Jonathan Adler writes to reject Mikva's charge
that Sentelle and Randolph had a personal grudge: "I think it clear that Judges Sentelle and Randolph believed that Mikva and the other judges on the brief were inappropriately using their status as former judges in an effort to influence the case."

February 19, 2006

About that highly experienced Supreme Court law clerk.

A few days ago, we were talking about Justice Alito's new law clerk Adam G. Ciongoli, an experienced lawyer who worked closely with Attorney General John Ashcroft on Bush Administration policies that addressed theh 9/11 attacks.

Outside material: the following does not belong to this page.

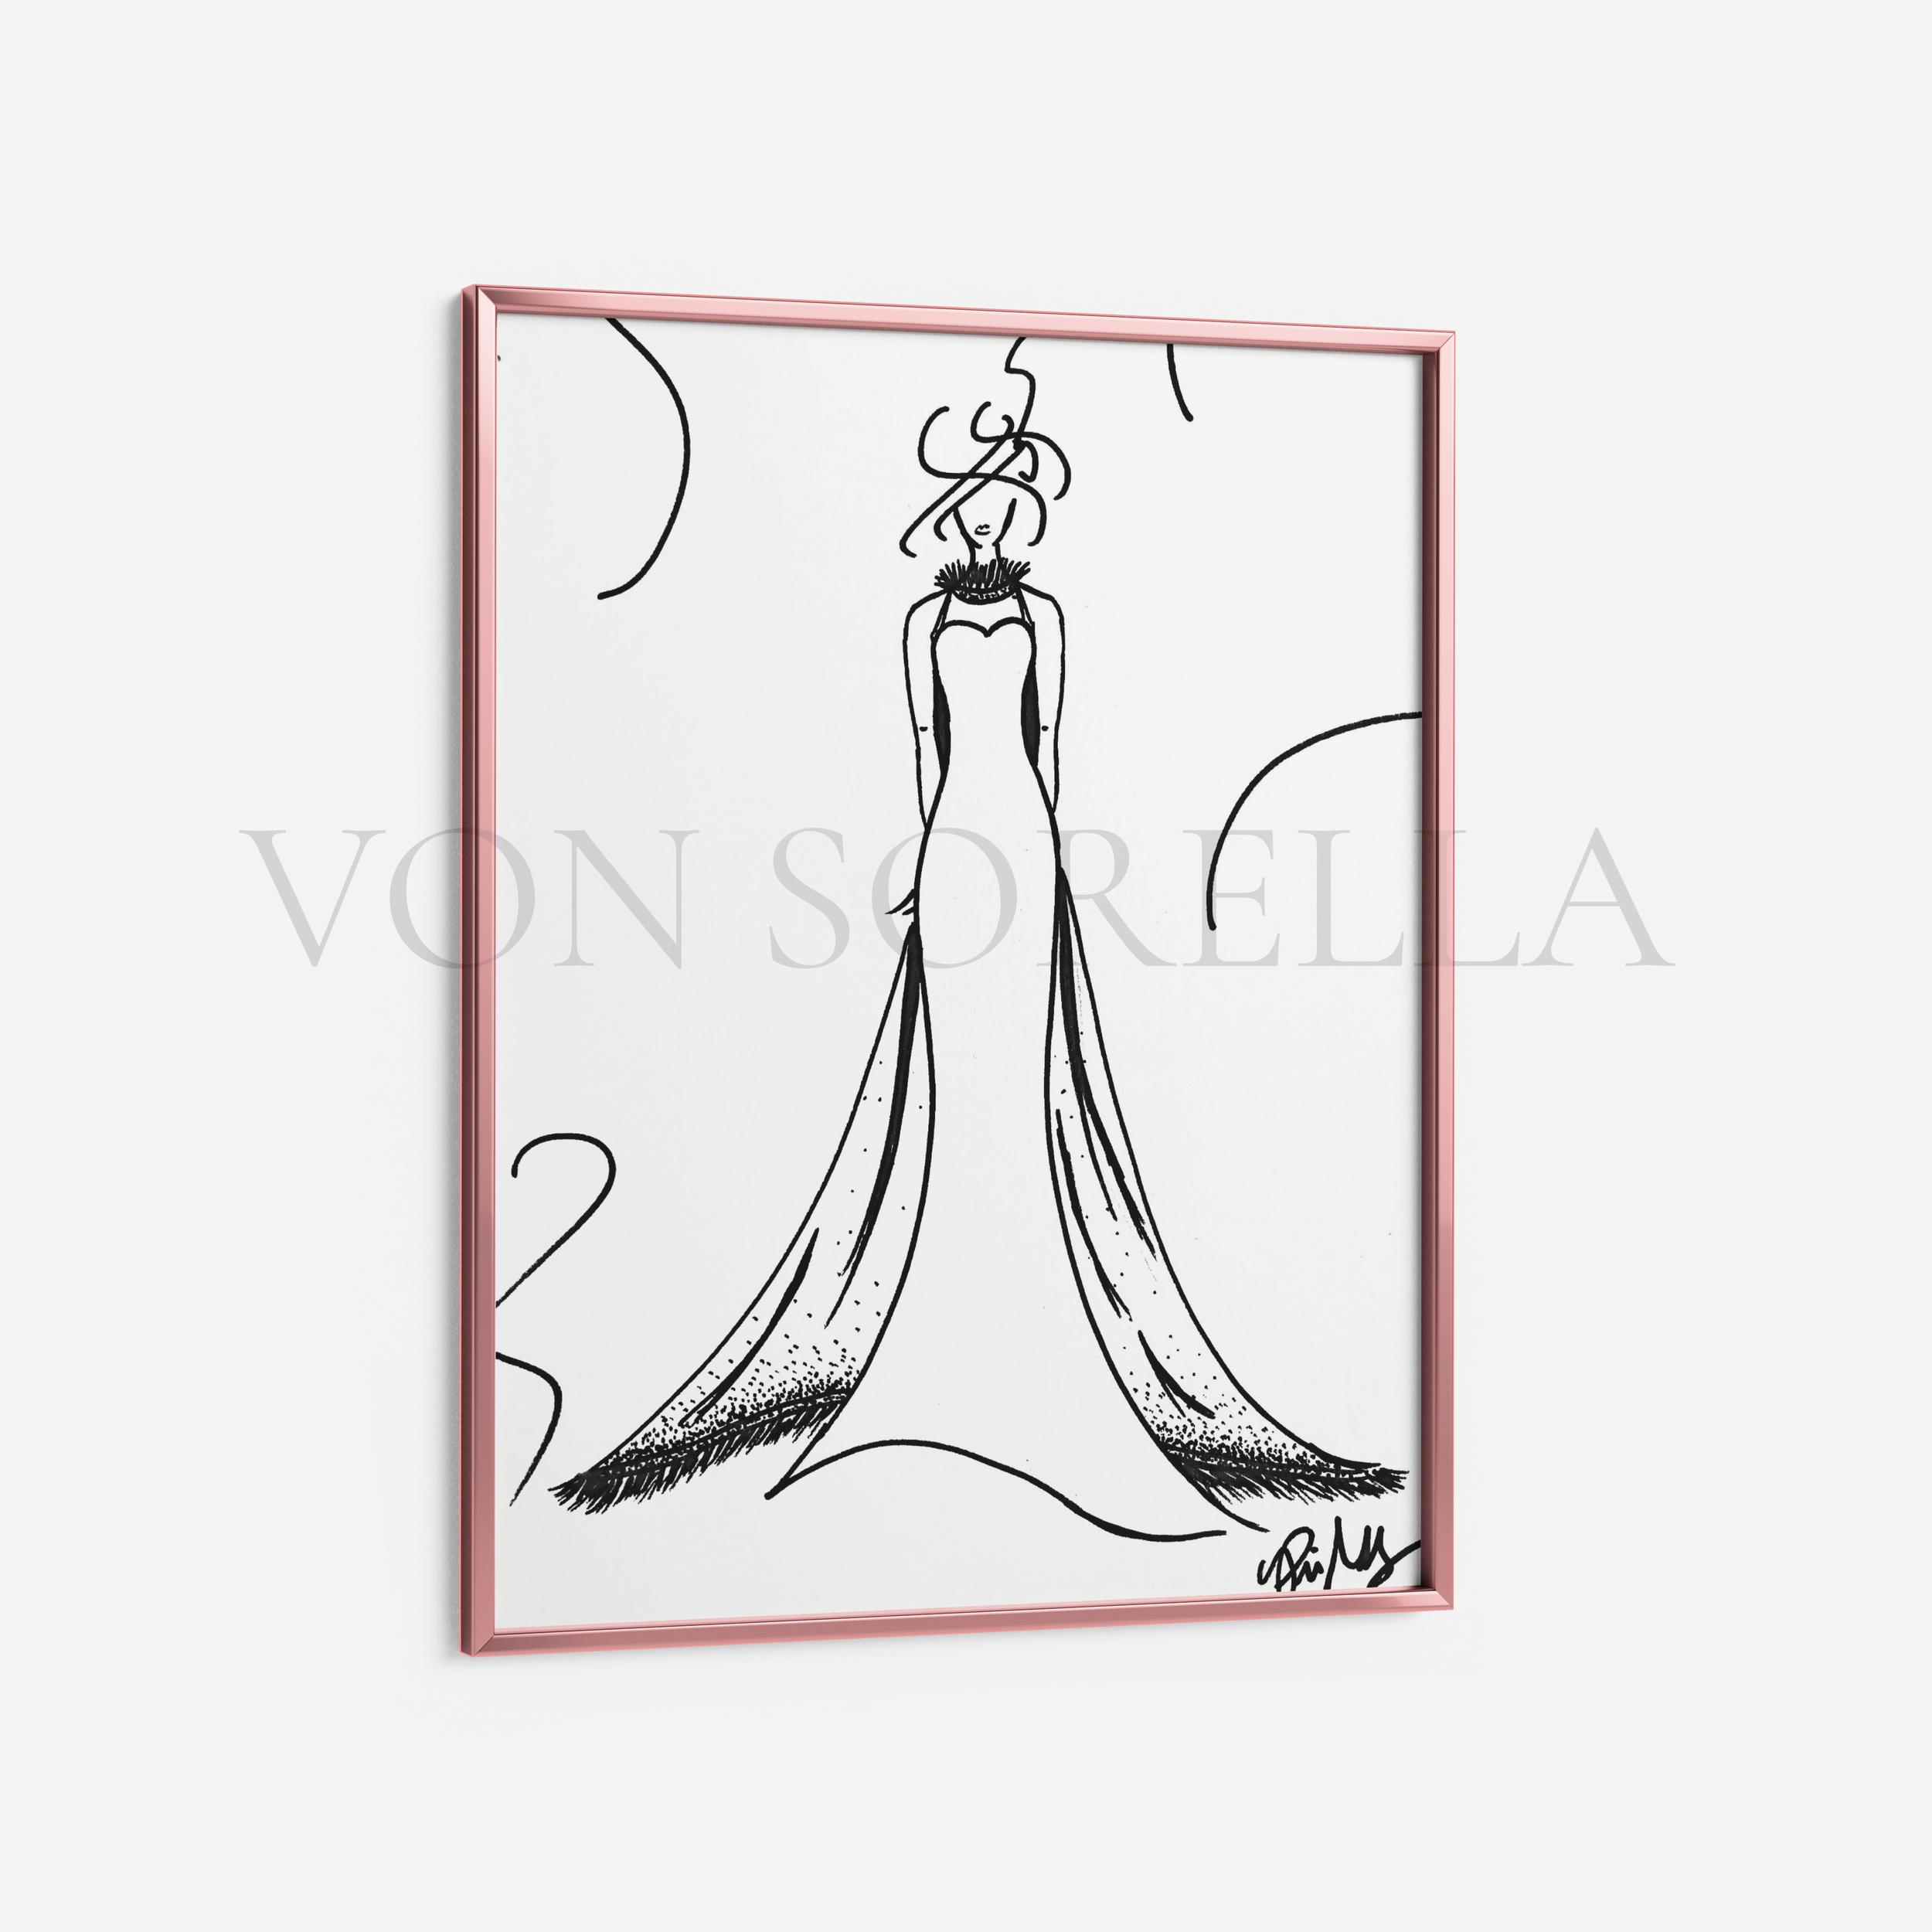 New fashion illustration art prints available now by VON SORELLA. #highfashioneverything

Today, Adam Liptak rounds up some opinion:
"We don't normally contemplate a high-level Justice Department official becoming a Supreme Court clerk," said Ronald D. Rotunda, a specialist in legal ethics at George Mason University School of Law. "It's just asking for problems that are unnecessary." Most Supreme Court law clerks, who prepare memorandums and draft decisions for the justices, have little of note on their résumés beyond superior grades at a top law school and a clerkship with a federal appeals court judge.

"They're like legal Doogie Howsers — child prodigies of the law," said David Lat, a former federal prosecutor whose blog "Underneath Their Robes" reports on the hiring of Supreme Court clerks. "Yet they're influencing decisions that affect millions."...

"It really indicates a lapse in judgment," Deborah L. Rhode, who teaches legal ethics at Stanford, said of Justice Alito's decision. "I just don't think it helps your reputation for nonpartisanship, particularly after such partisan confirmation hearings, to start out by hiring someone who is perceived to have an ideological agenda."...

"He cannot work for the justice on any cases that come before the court if he worked on those matters at Time Warner or the government," said Stephen M. Gillers, who teaches legal ethics at New York University. "You don't want him to the judge [sic] the quality of his own work."

Of course, it will never be possible to know what sort of casual conversations may take place in Justice Alito's chambers, said Monroe H. Freedman, who teaches legal ethics at Hofstra University. "No one is ever going to be able to police that," Professor Freedman said.

But, he added, "There is also a presumption that the justice can think for himself regardless of anyone he gets advice or counsel from."...

In all, Justice Alito's decision to hire Mr. Ciongoli was smart, said Steven Lubet, who teaches legal ethics at Northwestern. "Somebody with some real experience can provide better work than someone who's green," Professor Lubet said. "It's a terrific idea."
I'm surprised the opinion is as positive as it is. I would have expected a flood of comments like Rhode's, especially since so many lawprofs opposed Alito anyway. But maybe lawprofs like the idea that mature persons with a depth of experience working closely with Supreme Court Justices. Ciongoli aside, we see a potential trend. Maybe people like us -- and not our students -- should have these jobs. Hey, take me!